OPINION:
ROBERT MORRIS: FINANCIER OF THE AMERICAN REVOLUTION
By Charles Rappleye
Simon & Schuster, $30, 576 pages, illustrated
This may not be the optimal time to publish this book. For one thing, it is about a praiseworthy banker - our nation’s first banker, if you will. The book is a lengthy one by today’s shortened-attention-span standards. And then too, prizewinning journalist-historian Charles Rappleye writes in a discursive style that contrasts with the current run of rip-and-read narrative authors.
So this book is no page turner; it offers, instead, pages to savor, packed with new research and an overall new look at our founding history that is long overdue. What Mr. Rappleye reveals to us is a historical truth that is as important today as it was during our perilous struggle for independence. That lesson is: You cannot have a stable society or a functioning government that fosters liberty unless you have a sound financial foundation supporting them.
As this book clearly shows, Robert Morris, not Alexander Hamilton, is the real father of the American financial system that made the suddenly liberated economy of the new United States something of a marvel to the rest of the world. There are several reasons Morris has never received his due as a Founding Father, and Mr. Rappleye cites the normally recognized ones - the mystery of financial matters for most people and the fact that Morris’ personality often led him to clash with other, more visible leaders of the Patriot cause.
However, the real clash was more about the idealized picture of the new nation-to-be. Many of the more radical Founders (Samuel Adams, to name one) had a truly naive vision of America as a land of sturdy yeoman farmers, skilled mechanics and respectable craftsmen trading honestly among one another with no need for the tyranny of bankers or even of merchant traders. We were to be a nation of regions, with each section working in cooperation to provide its special crops and products for the benefit of all.
In other words, utter nonsense. In a very real sense, many of our Founders considered their home states to be the true sovereign nations and the idea of a “United States of America” to be something amorphous and convenient, but not controlling - a European Union type of creature.
Not surprisingly, it was men who had experience in the wider world of trade, such as Benjamin Franklin and Hamilton, whose outlook by necessity was global rather than regional, who saw the need for a truly national economy based on a national currency and a national financial structure. Chief among them was Robert Morris.
As Mr. Rappleye recounts, Morris was born in Britain, but his father had moved to the bustling port of Oxford, Md., and prospered as what was called a factor, a broker who traded in tobacco that he warehoused and then shipped to Mother England at a profit. By the time he was 13, young Robert was brought to Oxford for a brief stint of education and then apprenticed as a clerk to a thriving merchant broker in Philadelphia, in those days on its way to becoming the second-largest city in the British Empire, after London.
By the time the Revolution appeared inevitable, Morris had become one of the merchant princes of the American Colonies - acquainted with and sometimes in business with others, including John Hancock of Boston and the Browns and Alsops of Rhode Island. But as the other Founders gravitated to Philadelphia to consider what a war for independence would entail, it was men like Morris and Franklin who took a central role in the big question: Where would the wherewithal of war come from?

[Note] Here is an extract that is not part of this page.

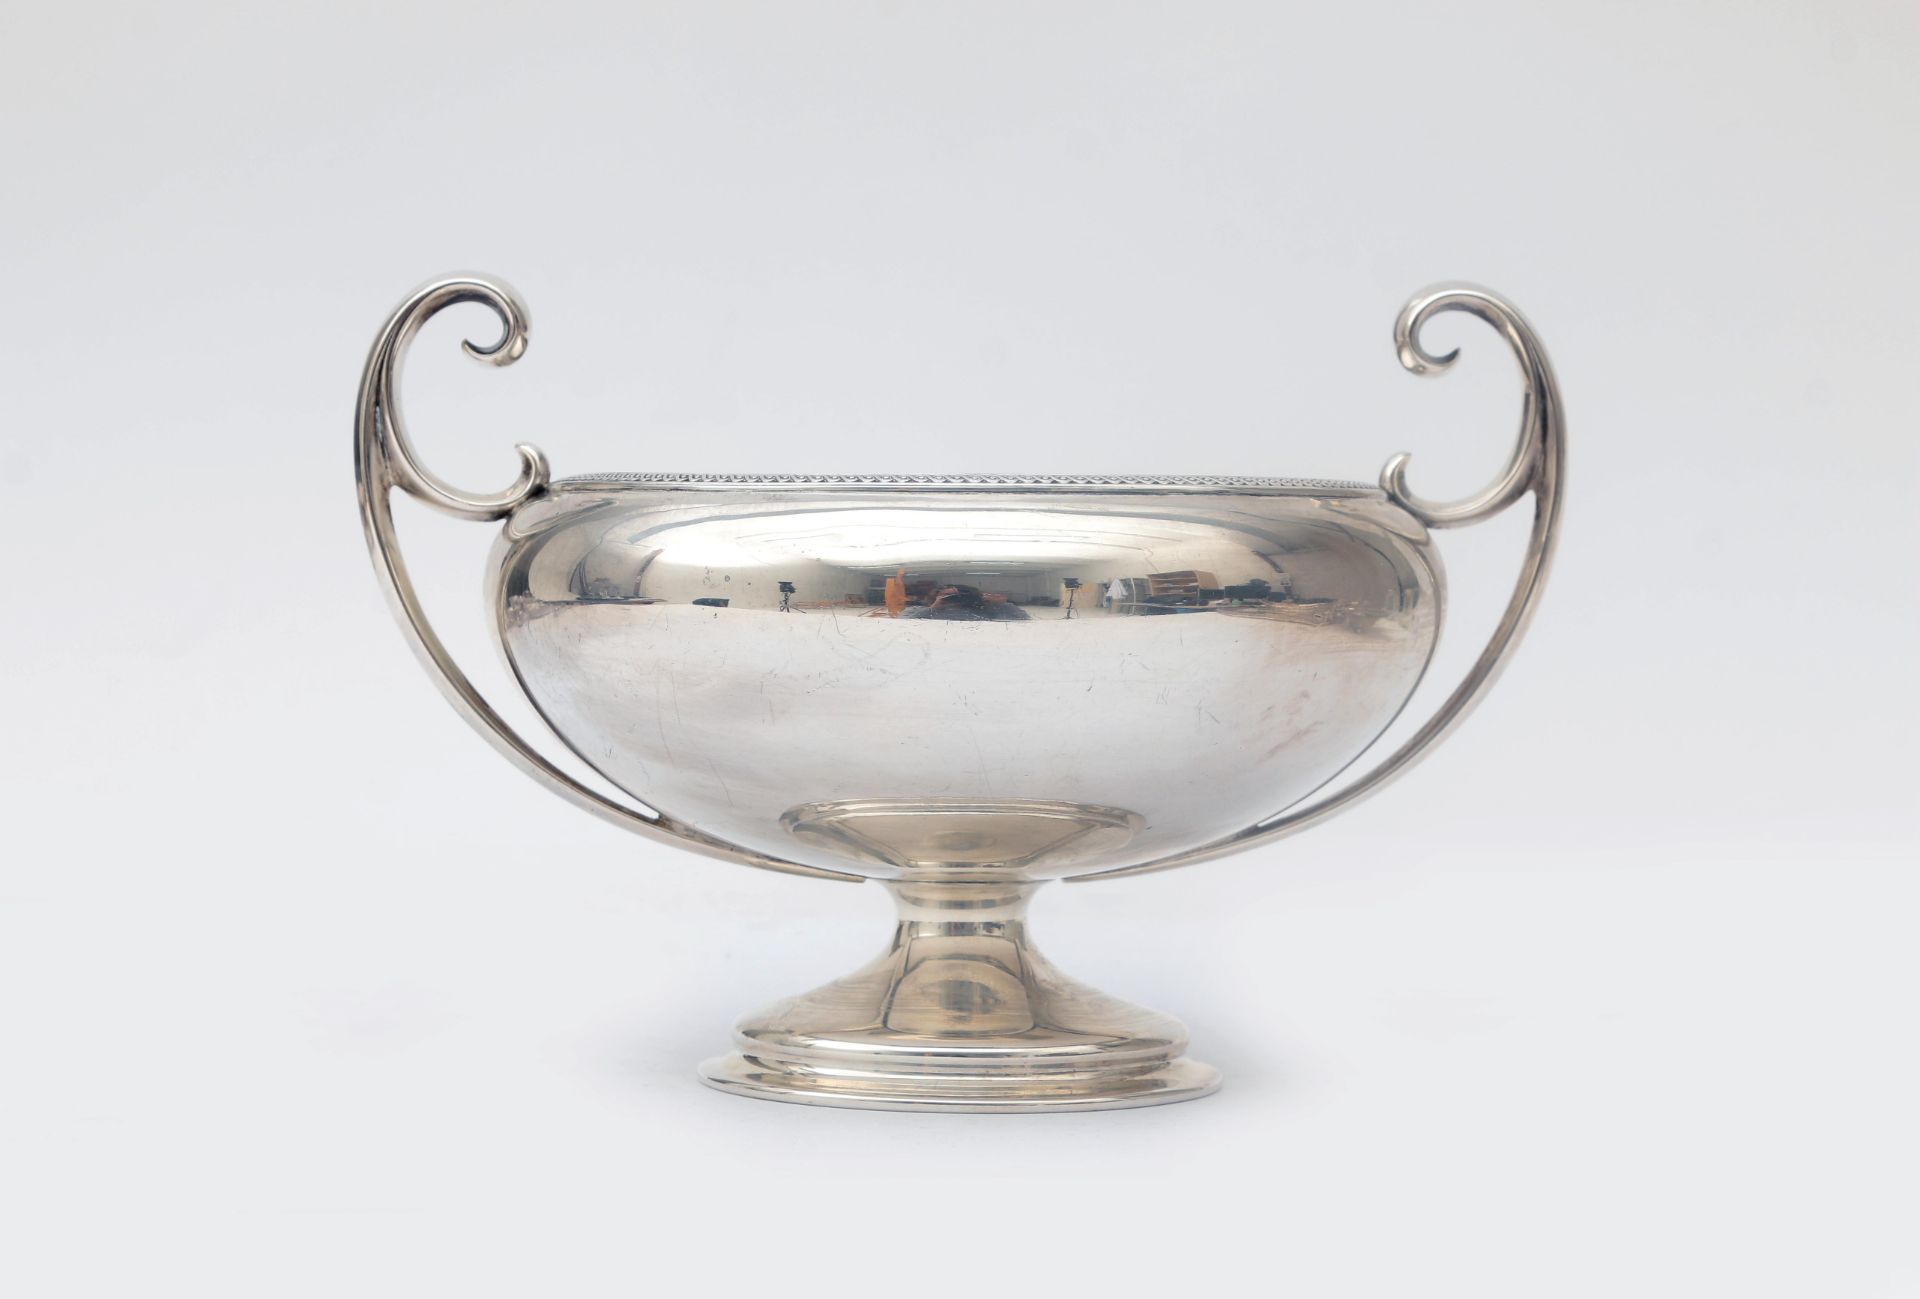 A sterling silver cream bowl on a foot, a round wide-flaring bowl with two high, upright curling
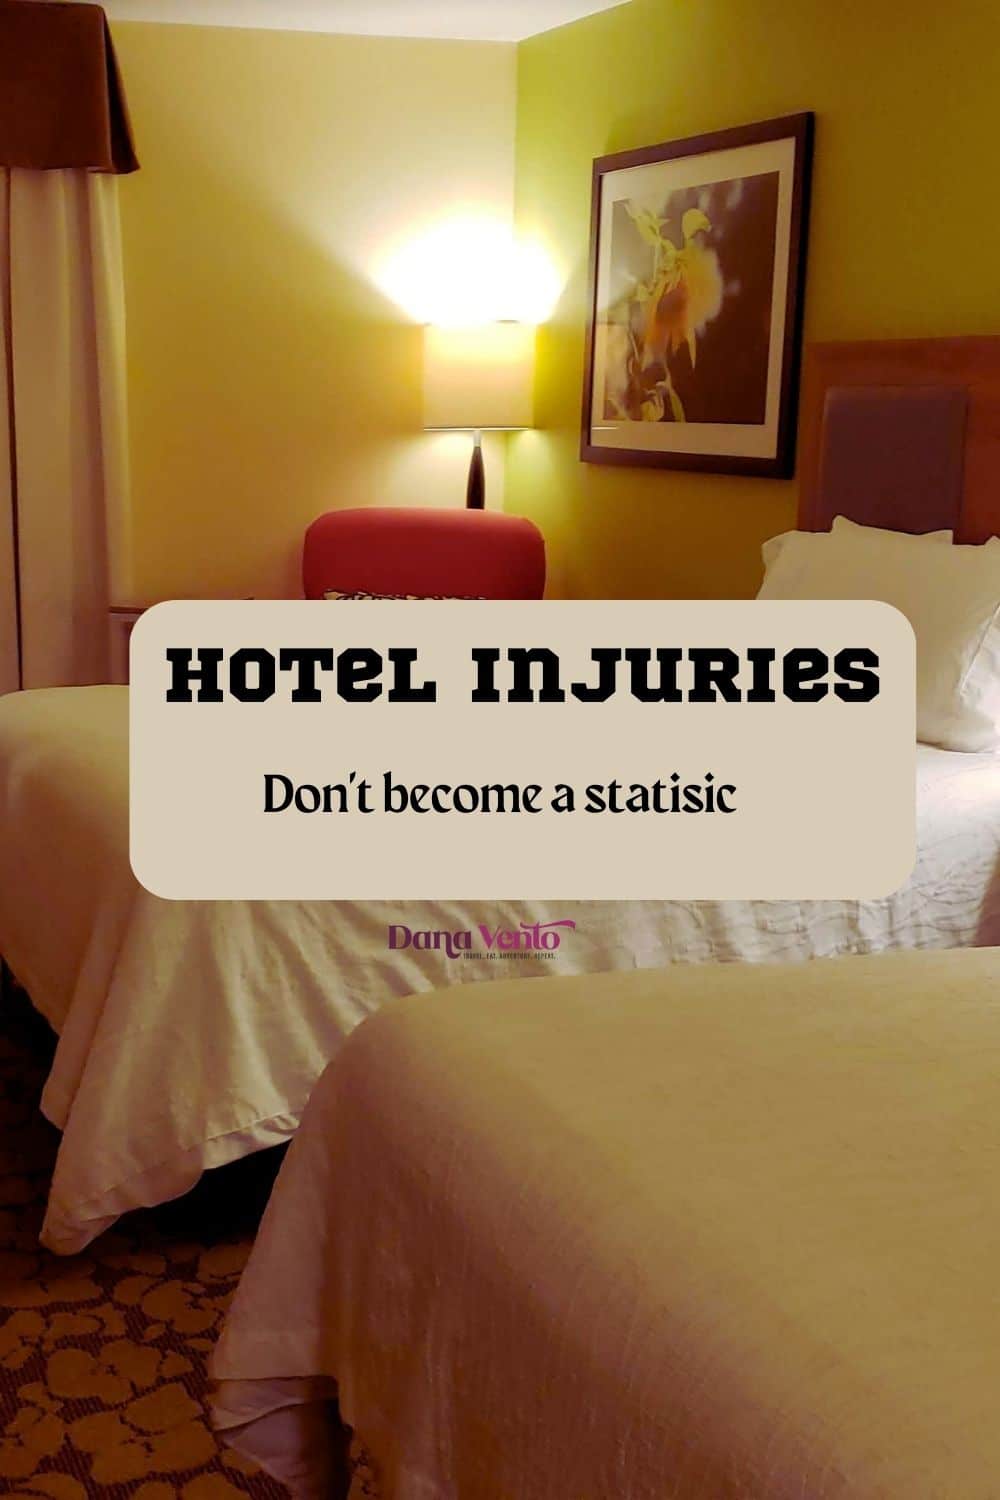 Hotel Sustained Injuries And A Hotel Room

Because of the restrictive trade rules imposed by the British government, the would-be rebels had to confront the stark realities that they needed to buy what they had been forbidden to make - steel and gunpowder in the form of cannons and muskets, and uniforms - and that meant buying them from France, which meant borrowing the money to do so from the French. So our War for Independence began less as a fight at a “rude bridge that arched the flood,” as Ralph Waldo Emerson put it, and more as a struggle over high finance.
It fell to Morris to cajole the Congress to persuade the suspicious new state governments to commit to providing general funds for the war for the use of a national government. He also created what was largely a Ponzi scheme of debt certificates that stretched what gold and silver hard currency there was on hand to pay domestic suppliers for the always straitened Continental Army.
Once Franklin was operating in Paris, he and Morris embarked on what can only be called a shell game of promising payments to the French that were conditioned on the French lending an even greater sum of new money. Along the way, Morris became the father of the U.S. Navy by converting merchant shipping into the instant warships and privateers that so effectively checkmated Britain’s supply armada.
Even after the war was won, the new nation’s finances can only be described as a combination of blue smoke and mirrors, as some states lagged behind in paying their arrears to the point that a general mutiny of disgruntled (and unpaid) Continental Army regiments threatened the very existence of the government.
Creating a truly national economy - by establishing a national debt - would be credited to Hamilton in the years to come. By that time, Morris had reaped his long-predicted reward: the calumny and spiteful revenge of those other Founding Fathers who neither understood nor supported the financial miracle he had wrought for the new nation.
There are important lessons to be learned from this well-written and thoroughly researched back story about what really made America free.
James Srodes’ next book, “The Dupont Circle Set,” will be published in 2011.